The practice these days is to blow fill the cavities with beads as that fills the lot. I am looking at various methods and to be honest its all a sales pitch. The bigger the cavity, the bigger the amount of inuslation used , = better u value.  My builder used 60mm aerobord, wrong thickness should have used 75mm but at least I have some insulation. I am going to fill gap with polybeads. I think  the new cavity is 6 ins.  Started at 2, then 4 and now 6.  My advice use the best possible at the time, do floors as well, use underfloor heating, double glazing and thats it.

noah


----------



## ollie30 (20 Feb 2007)

thanks noah,thats my worry,what is and what isnt a sales pitch i thought a lot of people werent confident of bead fill but i suppose each person has their own prefernce,i like the sound of the aerobord 140mm it comes with wall ties and at 0.019 u value (if thats true)it's pretty good.does any one have an oppinion on the cavity insulation and interior insulated slabs would mould and damp occour at party wall junctions in time????


----------



## nutty nut (21 Feb 2007)

ollie30 said:


> i like the sound of the aerobord 140mm it comes with wall ties and at 0.019 u value (if thats true)it's pretty good


With partial fill insulation it would be necessary to leave a 40mm air cavity so the overall width of your cavity is going to be 180mm or just over 7 inches. I would be concerned about this in a standard cavity wall with 2 conc. block leafs.


----------



## Carpenter (21 Feb 2007)

Whatever product you go for ensure it has a current IAB cert ensuring it is suitable for use in our climate.  Extra large cavities will require special care and attention with regarding to wall ties, lintols, cills and DPC treatment!


----------



## tufty1 (21 Feb 2007)

Is not the whole point of a cavity to provide insulation (using a board) and prevent moisture passing from the outer leaf into the innner leaf? Cavity ties have a little knot or dip in them so any water passing along the tie will drip off. By filling the cavity with these beads you are now providing a perfect route for water to pass to the inner wall! 
I have always been told to stay well away from these cavity filling companies as its basically a con!
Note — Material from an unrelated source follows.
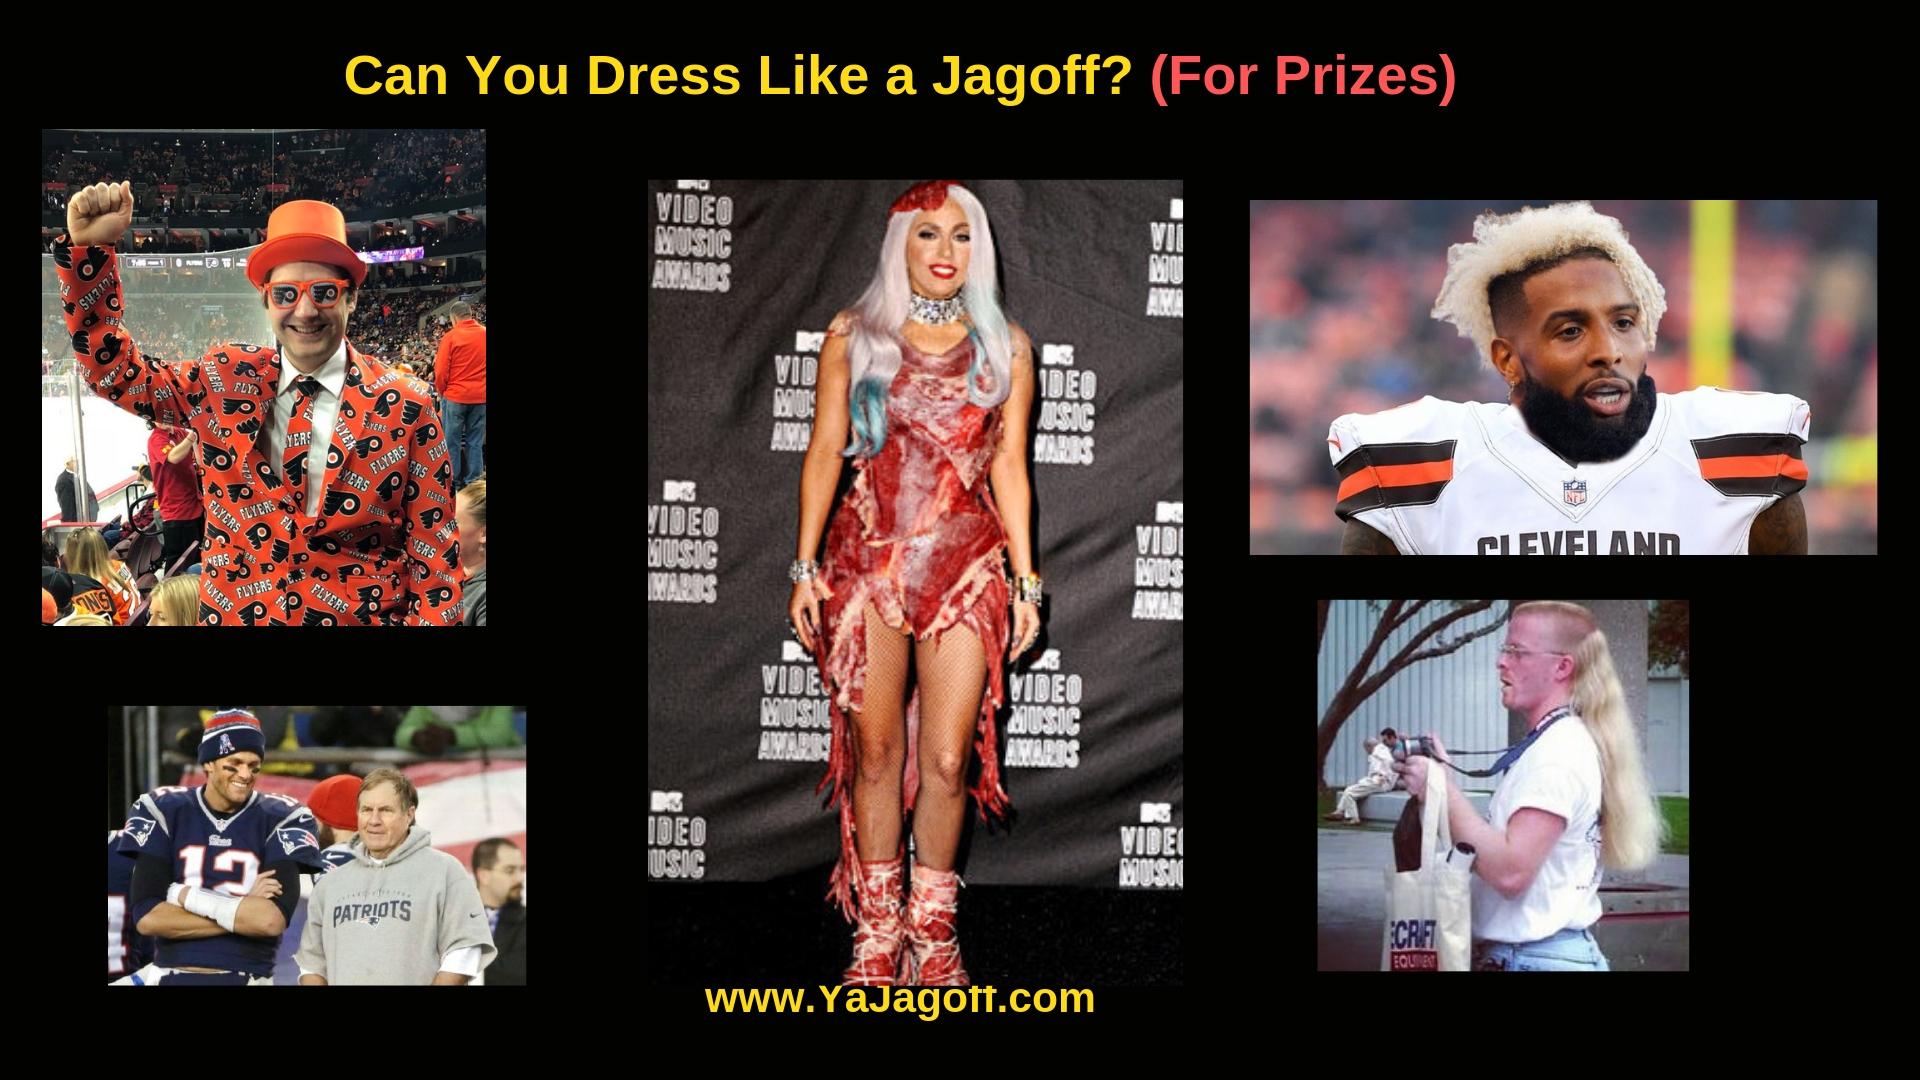 YaJagoff Fashion Show

Much better to dry line your walls internally.


----------



## PaddyH (21 Feb 2007)

My builder filled the cavity and both the builder and I regret he did it - we've had alot of problem with damp - builder filled the cavity in 2 other houses and said he had same problem - also spoke to another builder last week who said that cavity filling was not a good method - he also said that it was important to keep the cavity air tight - as whatever inches of air were left after the insulation board would help the insulate the house - if the air was moving - it would not help.


----------



## Carpenter (21 Feb 2007)

There are some conflicting views on full vs. partial cavity insulation.  Most full cavity fill products (including blown bead etc) are only suitable for buildings of limited height in certain exposure conditions (generally best avoided in coastal regions or in buildings more than 3 storeys in height).  Using full fill is not a good idea where the external wall is brickwork- brick is (relatively) porous by nature and this coupled with the many mortar joints provide a ready path for wind driven moisture to penetrate a building cavity like the cavity in cavity wall construction.  For this reason alone it is wise to have some residual cavity as opposed to full fill insulation.  Rendered blockwork (particularly dry dashed finishes) will resist wind driven moisture (except for the occassional hair line crack) and are at less risk from moisture migrasting across a cavity.  As PaddyH says air movement in the cavity should be minimised where possible- this can cause "thermal looping" which will dramatically affect the performance of your insulation.  This also applies to dry lining- air gaps at board edges must be sealed to prevent "looping".  There are a number of considerations when deciding on the best way to insulate a dwelling (or any other building)- response time, thermal mass, likely use patterns of the dwelling and pay back.  Dry lining is great, it delivers a rapid response time but the thermal mass of the concrete blockwork behind is lost, somewhat....


----------



## sas (21 Feb 2007)

PaddyH said:


> My builder filled the cavity and both the builder and I regret he did it - we've had alot of problem with damp - builder filled the cavity in 2 other houses and said he had same problem - also spoke to another builder last week who said that cavity filling was not a good method - he also said that it was important to keep the cavity air tight - as whatever inches of air were left after the insulation board would help the insulate the house - if the air was moving - it would not help.


 
Would you care to mention what full fill product was used in your home? Something I'm interested in. 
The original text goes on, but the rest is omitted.